When your men go to a club or anywhere there are women, arrest, then tag them prostitute, how do you determine who is a prostitute in the circumstance? Or do we now label every woman seen outside at night a prostitute?

Going by the argument that prostitution is a sin against the two major religions in Nigerias – Christianity and Islam, one would not hesitate to ask if the Nigeria Police now play the role of Priest or Muslim cleric that should be preaching against such sin.

Isn’t Nigeria is a secular state with lots of people practicing other religions outside of Christianity and Islam?

Even if we accept that line of argument, what about allegations of abuse on suspects by the police? What kind of sin is theirs and who is punishing perpetrators that happen to be the police officers doing the arrest?

So when ACP Shogunle says culture frowns at prostitution, many would like to know if the same culture encourages Police brutality and oppression, among others.

The argument also that prostitutes are not paying tax and spreading of HIV/AIDS via the trade is as laughable as the other that they provide lifeline for violent criminals. Who are those patronizing them?

Why not invoke the section of the constitution that so dictates and treat accordingly? In any case, how much tax do officers of the Nigeria Police harassing innocent users all over the country with ‘wetin you carry’ slogan remit to the system? Or is that one backed by any religion…or law, or both?

If the police are saying our Constitution is now based on religious sentiments, what of the clients to the prostitutes? Are they legal, law and religion wise?

A woman activist and lawyer, Mrs. Stella Odife who does not subscribe to “nude dancing”, however said what the ladies were doing is within their fundamental right. Since she cannot point to any law against such acts, as at today, she would rather the government focus on providing jobs for people as well as safety nets for the battered and impoverished Nigerians.

According to her, no normal woman not on drugs, will go to expose her body so openly for people to watch.

“This is not an African thing; it is our so called civilized world thing. It is very unfortunate. It is not surprising. Illiterate girls or girls from poor homes have no knowledge of stripping business. These are things learnt from the so called civilized world where the big men send their children,” she lamented

It is sad that Nigeria has been turned to one huge joke such that most of what comes out of it are things that make us a laughing stock to the comity of nations.

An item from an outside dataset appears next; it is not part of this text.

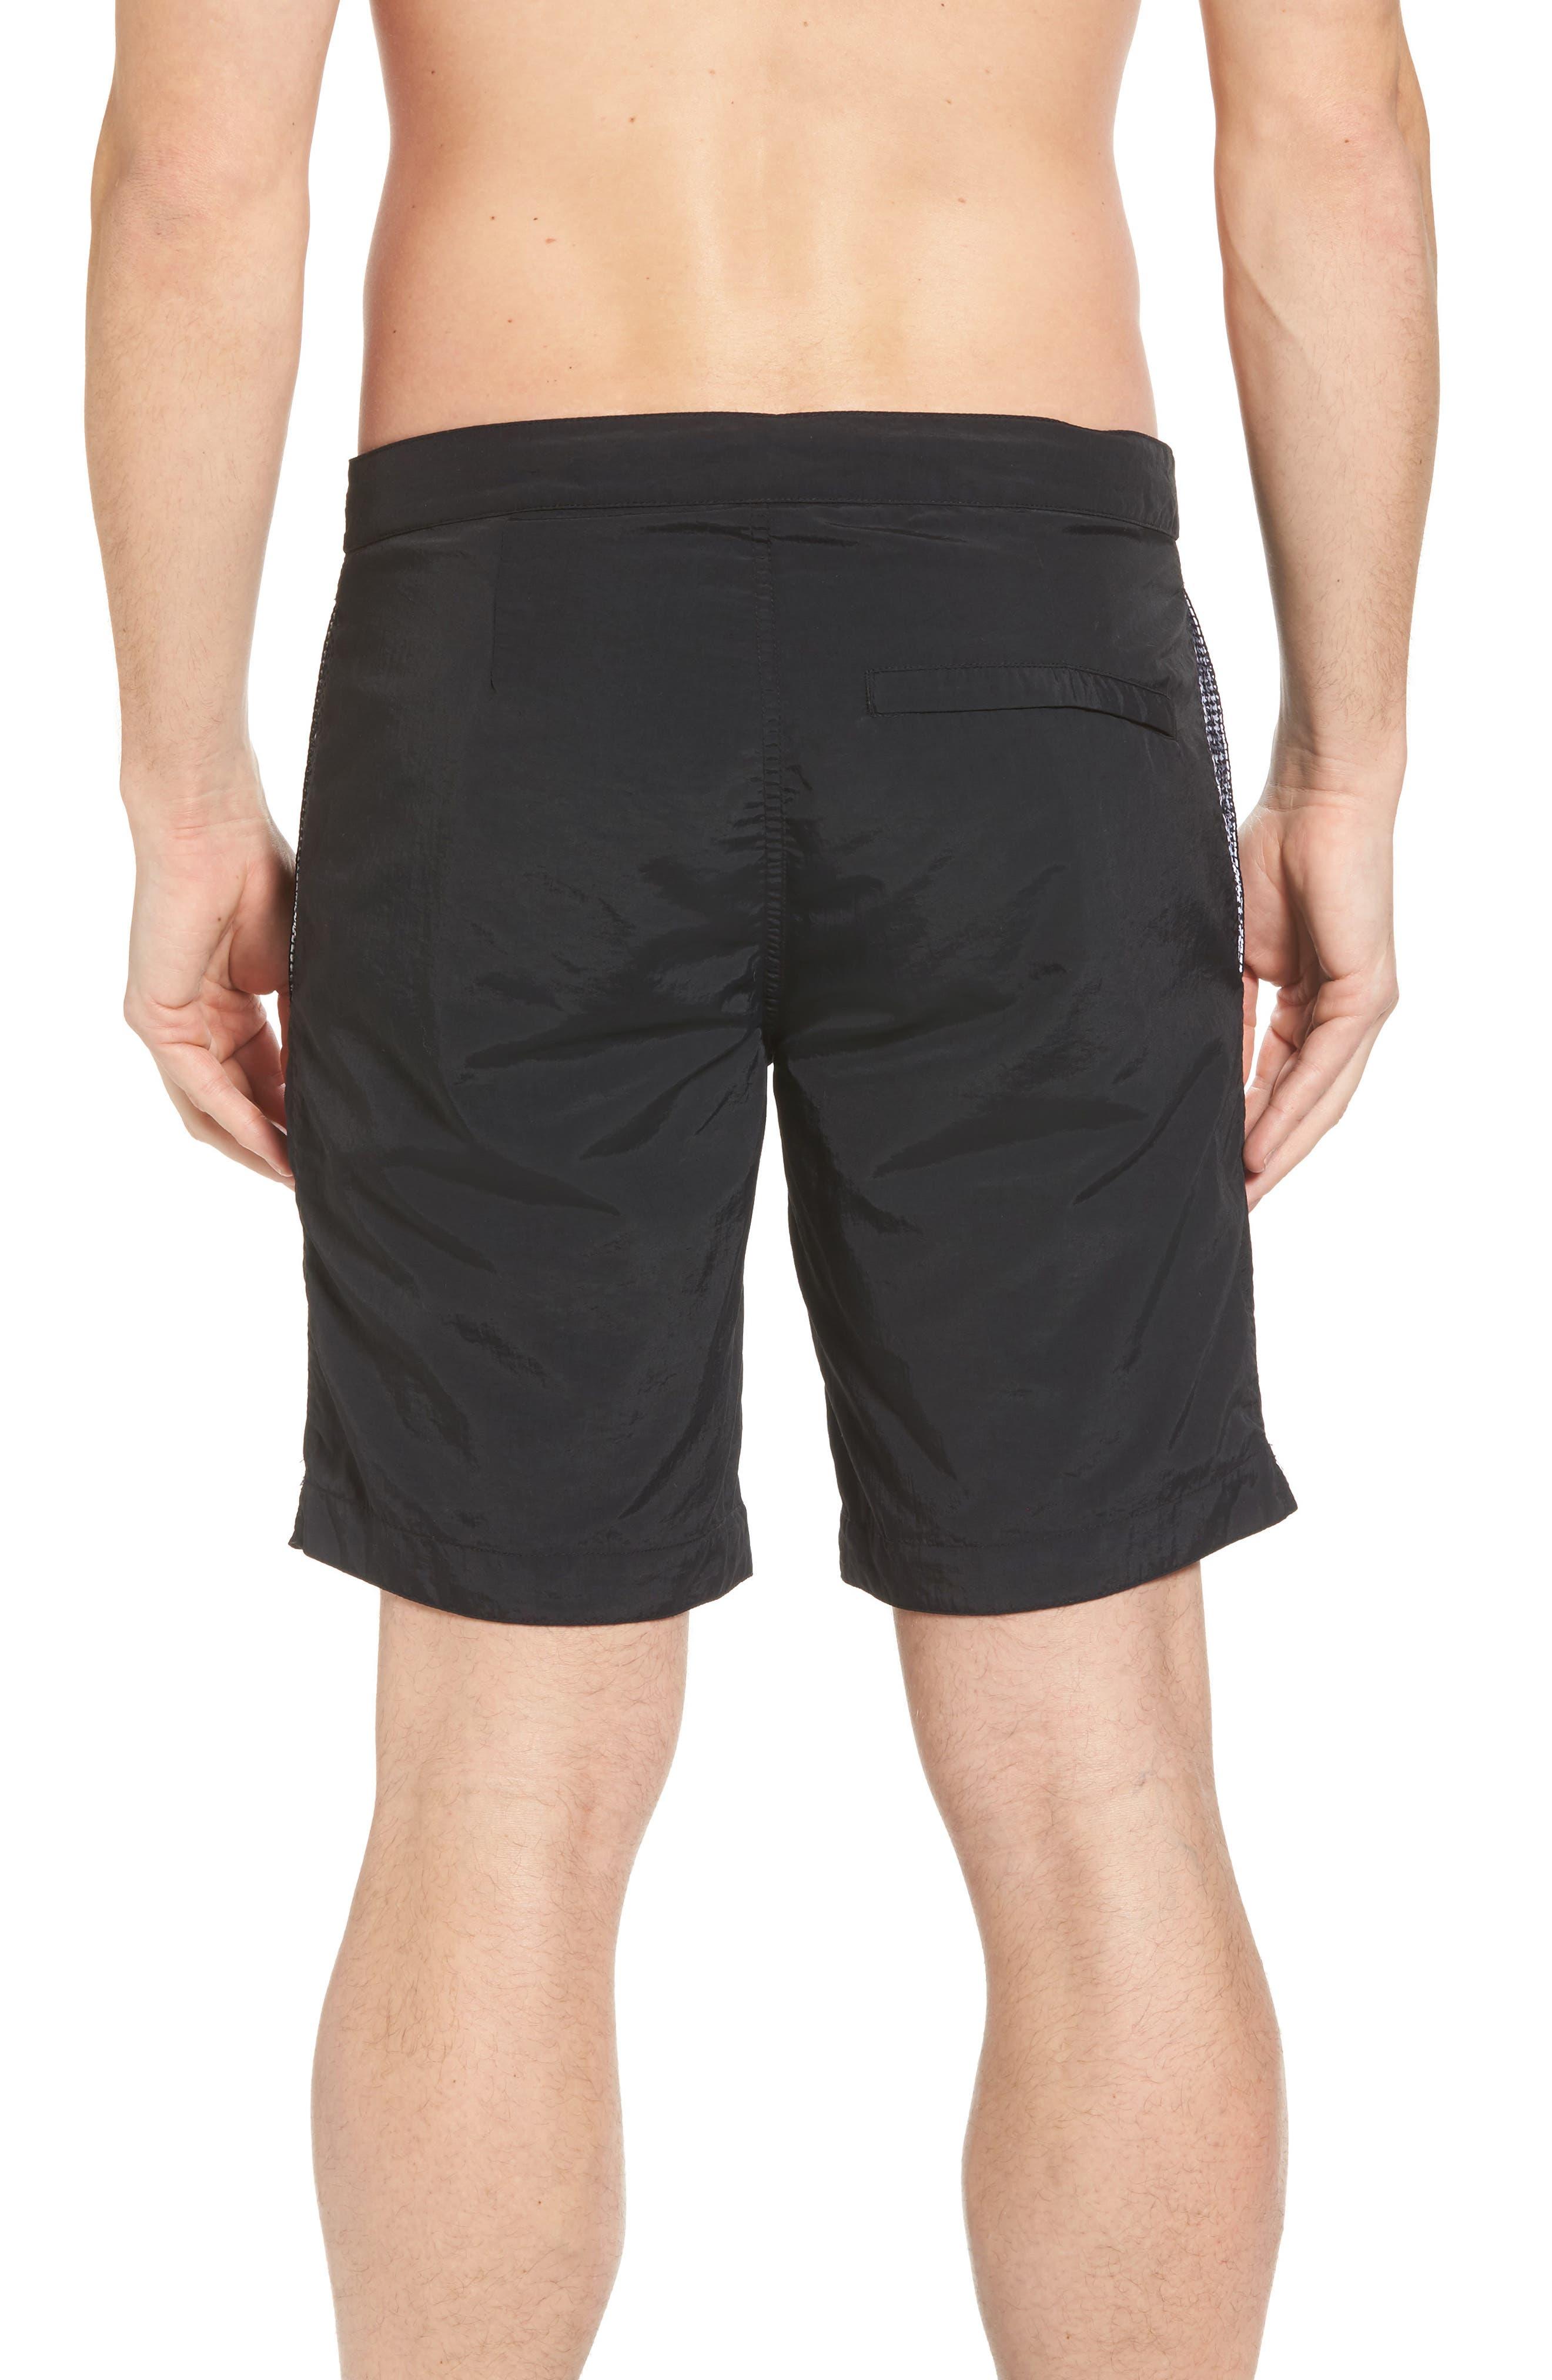 'Aruba - Island' Tailored Fit 8.5 Inch Board Shorts,                             Alternate thumbnail 6, color,
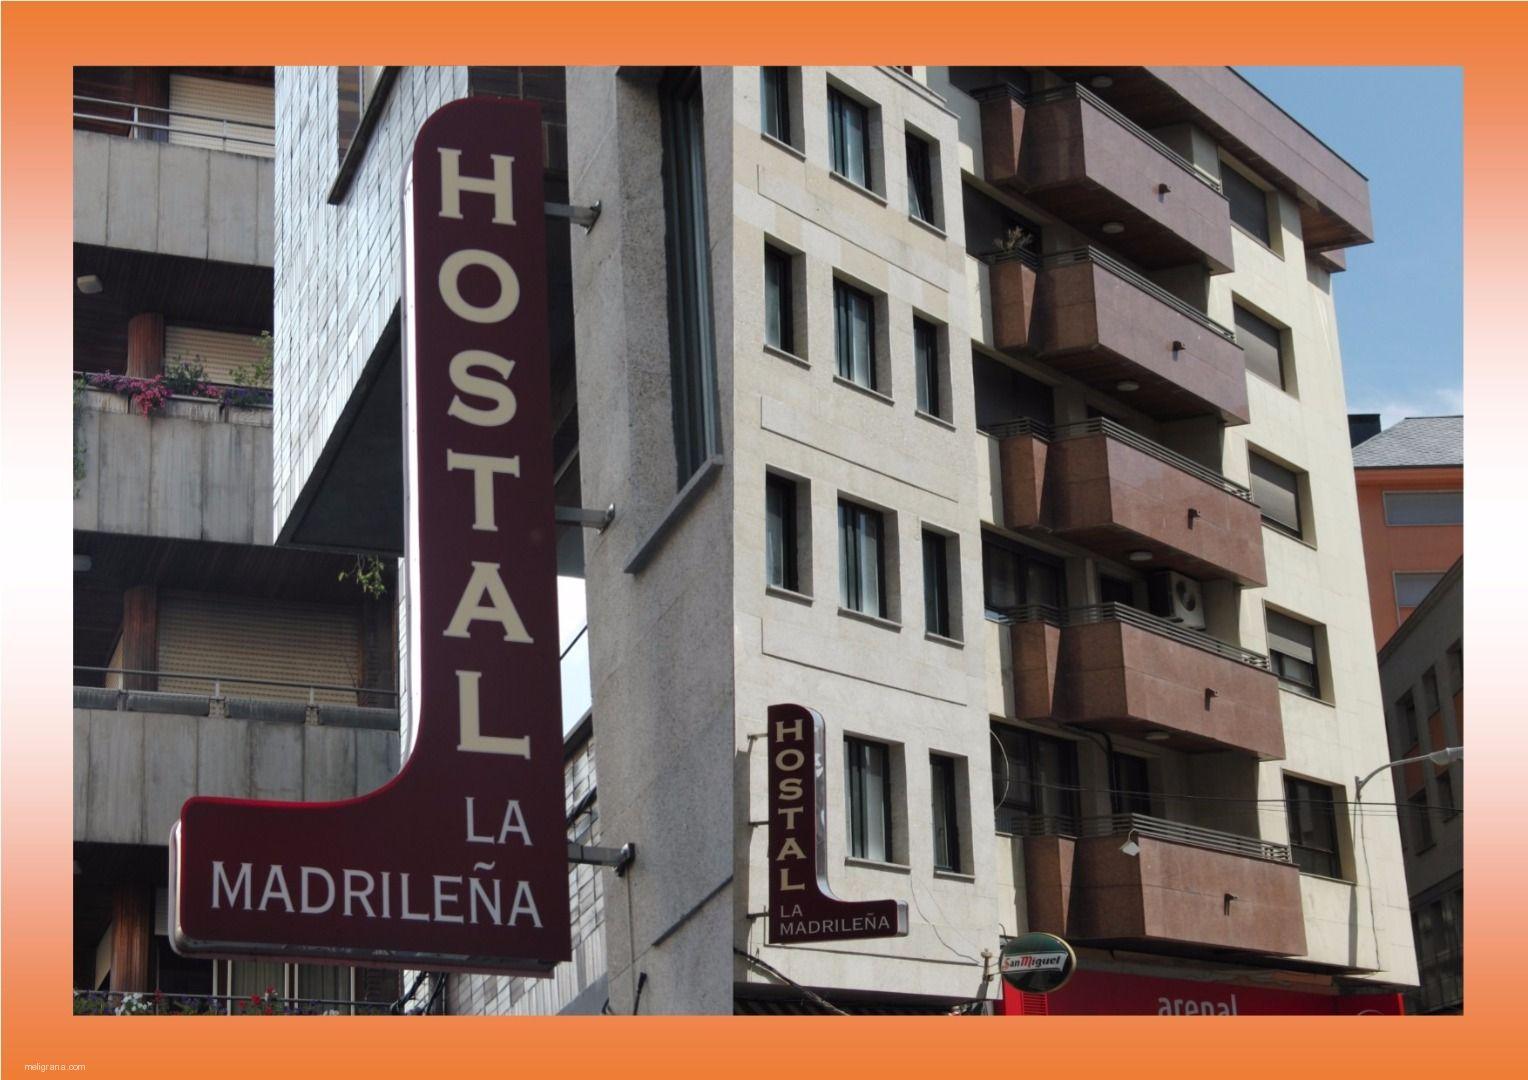 HostalLa Madrileña

Though night clubs are allowed to operate in Abuja, many of them are constantly raided by the police and other agencies with women therein often treated in the most undignified manner.

Yet, Nigeria is signatory to many international and regional human rights treaties, including the Convention on Elimination of all Forms of Discrimination Against Women (CEDAW) and the Protocol to the African Charter Human and Peoples’ Rights on Rights of Women in Africa (Maputo Protocol), which protect the rights of women to dignity, equality and freedom from violence.

That is why threat by the women group to sue the federal government over constitutionality of the targeted raids is a welcome development. The group should, as a matter of urgency, go beyond threat and actually hold the government to account for the wellbeing and bodily integrity of the women for the period they have been held in detention by its agents.